FICHE QUESTION
11ème législature
Question N° : 39928  de  Mme   Zimmermann Marie-Jo ( Rassemblement pour la République - Moselle ) QE
Ministère interrogé :  intérieur
Ministère attributaire :  intérieur
Question publiée au JO le :  10/01/2000  page :  149
Réponse publiée au JO le :  25/09/2000  page :  5530
Rubrique :  animaux
Tête d'analyse :  chiens
Analyse :  races réputées dangereuses. loi n° 99-5 du 6 janvier 1999. application
Texte de la QUESTION : Mme Marie-Jo Zimmermann attire l'attention de M. le ministre de l'intérieur sur le fait qu'une loi récente a été promulguée afin de réglementer la possession des chiens dangereux. Par ailleurs, une autre loi a adapté les pouvoirs des policiers municipaux.
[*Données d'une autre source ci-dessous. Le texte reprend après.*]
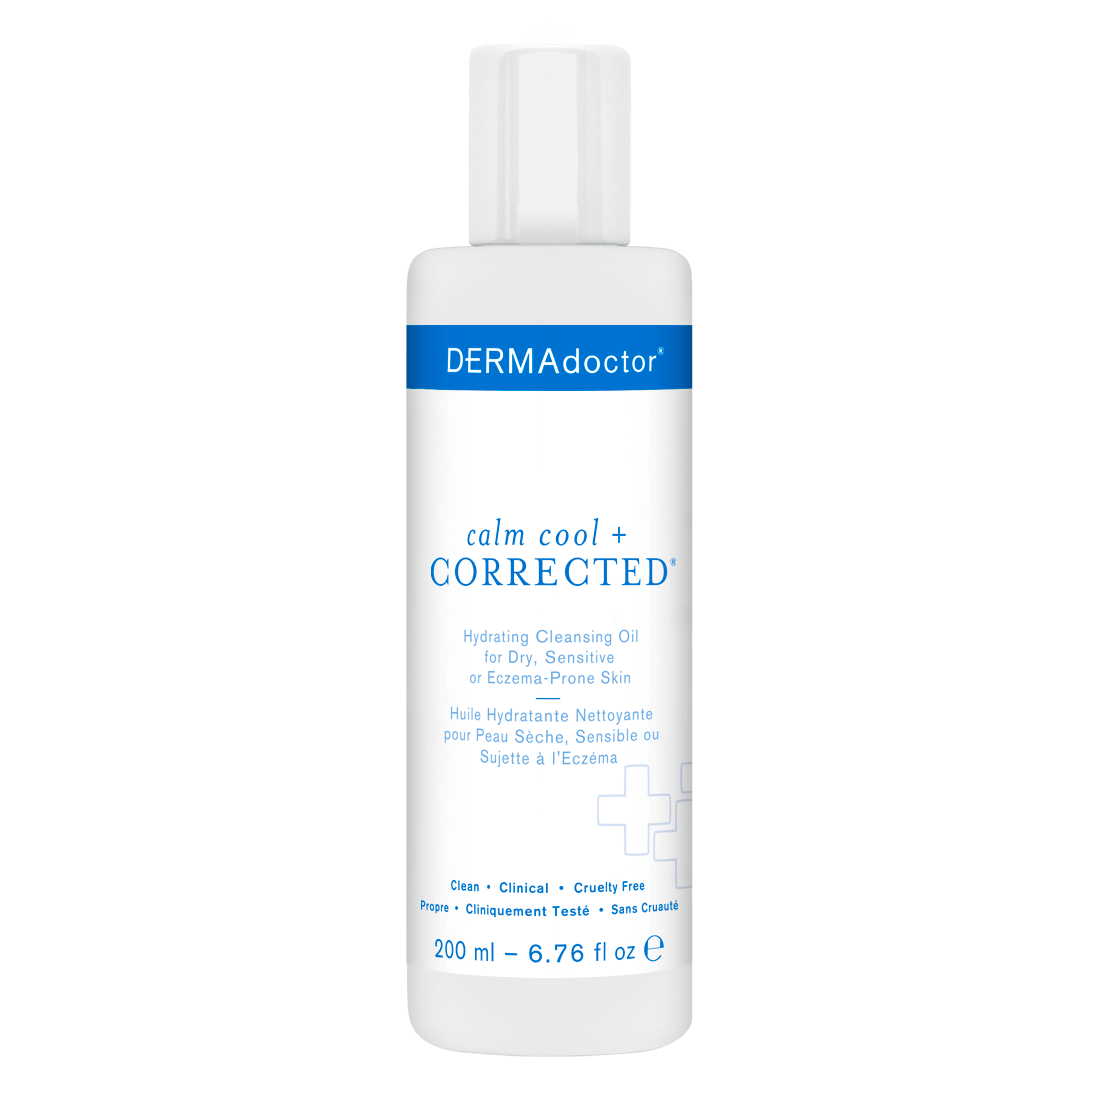 Calm Cool + Corrected Hydrating Cleansing Oil, Moisturizer and Makeup Remover for Dry, Sensitive or 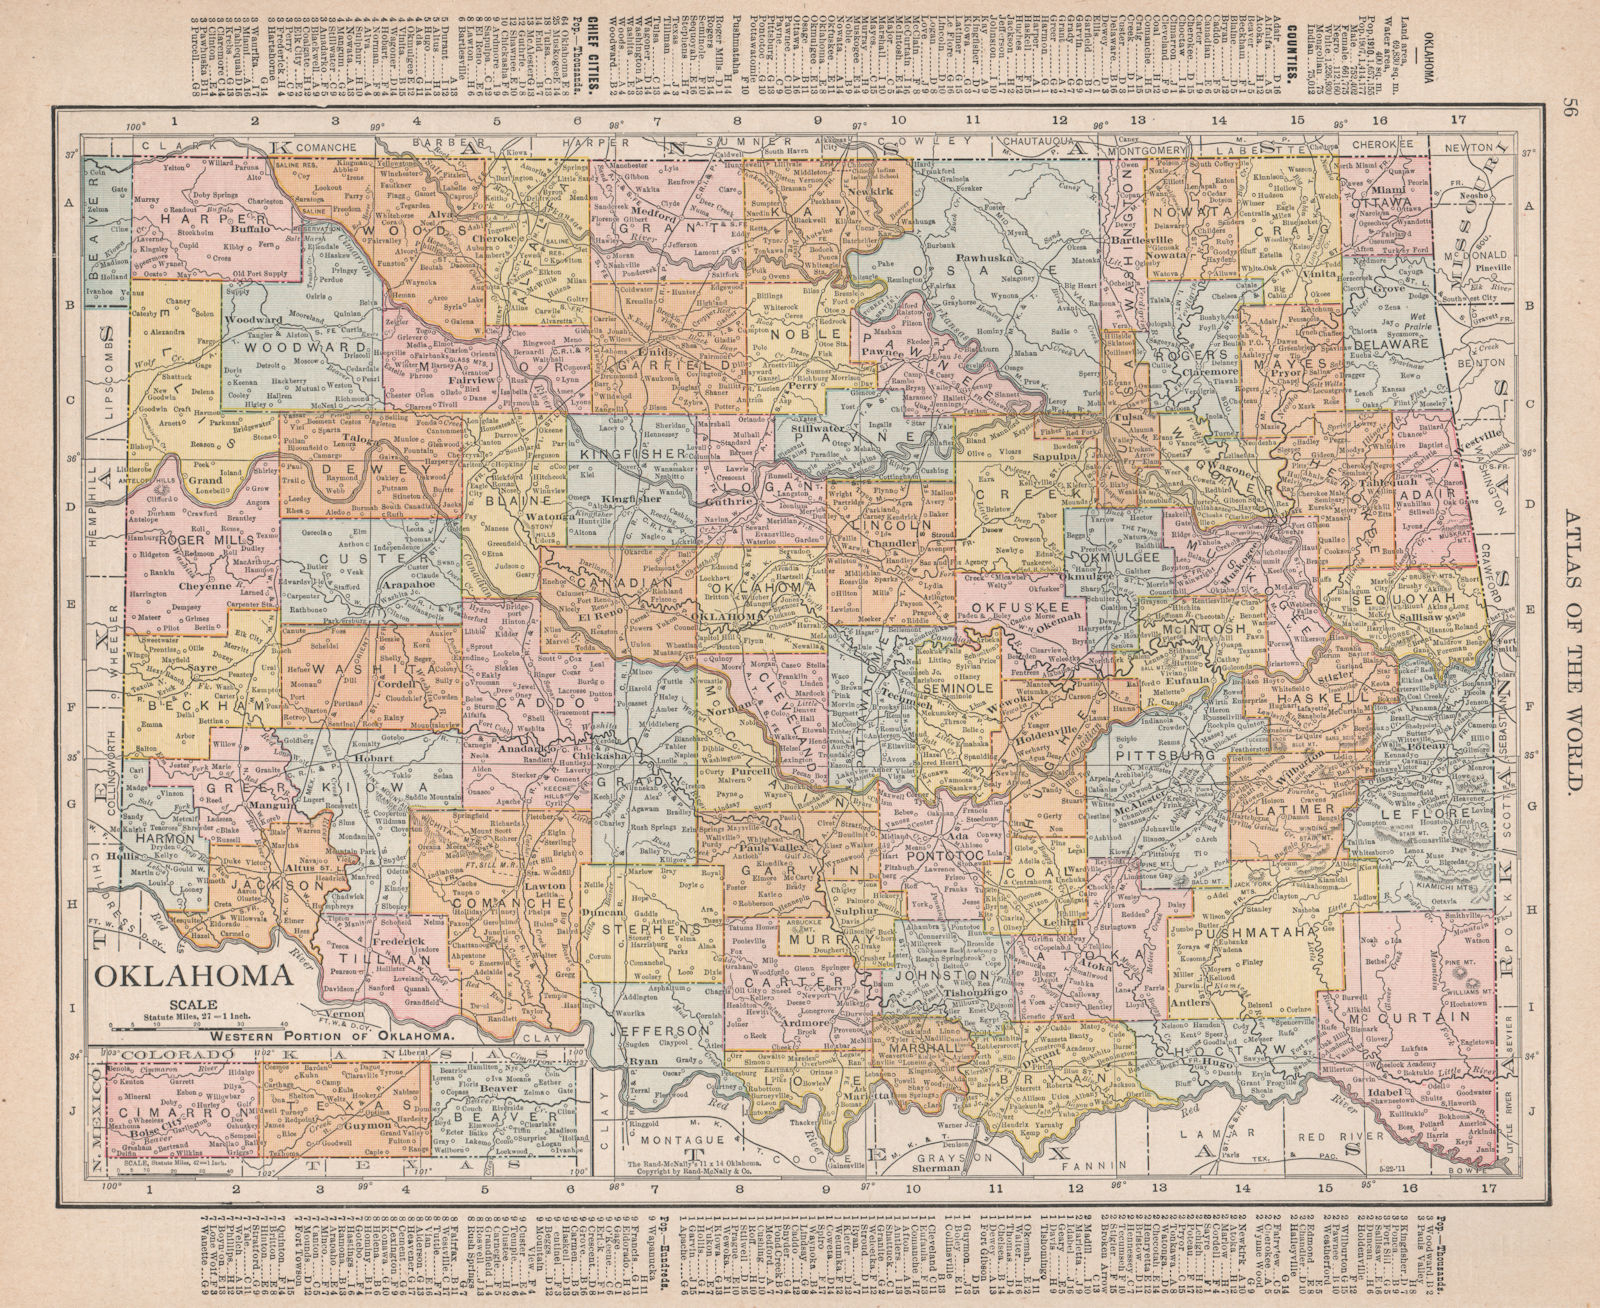 Associate Product Oklahoma state map showing counties. RAND MCNALLY 1912 old antique chart

Or, récemment, le maire d'une grande ville de Moselle a regretté que, malgré cela, il ne soit pas possible de réagir de manière efficace à l'encontre des propriétaires de chiens qui sont dangereux ou qui polluent les trottoirs. En effet, dans la ville concernée, une centaine de procès-verbaux ont été dressés par la police municipale mais, d'après le maire concerné, aucune condamnation n'a jamais été prononcée et aucune suite n'a été donnée. Le journal Le Républicain lorrain du 24 décembre 1999 a d'ailleurs indiqué que cet élu s'en était plaint auprès du procureur de la République en lui indiquant « que c'était scandaleux ». En effet, la police municipale ne peut pas utiliser le système des timbres amendes à l'encontre des propriétaires de chiens indélicats. Lorsque le procès-verbal est rédigé, il est donc transmis aux services judiciaires, lesquels semblent ne jamais donner de suite. Cette situation est décourageante, notamment pour les policiers municipaux dont la tâche n'est pas facile. Elle souhaiterait donc savoir s'il ne pense pas soit qu'il faudrait autoriser les policiers municipaux à utiliser des carnets de contraventions avec timbre amende, soit que le parquet reçoive des instructions pour donner une suite normale aux procès-verbaux dressés par la police municipale. A défaut, on peut sinon se demander quel est l'intérêt pour le Parlement de voter des lois si, indirectement, on les vide de toute portée concrète.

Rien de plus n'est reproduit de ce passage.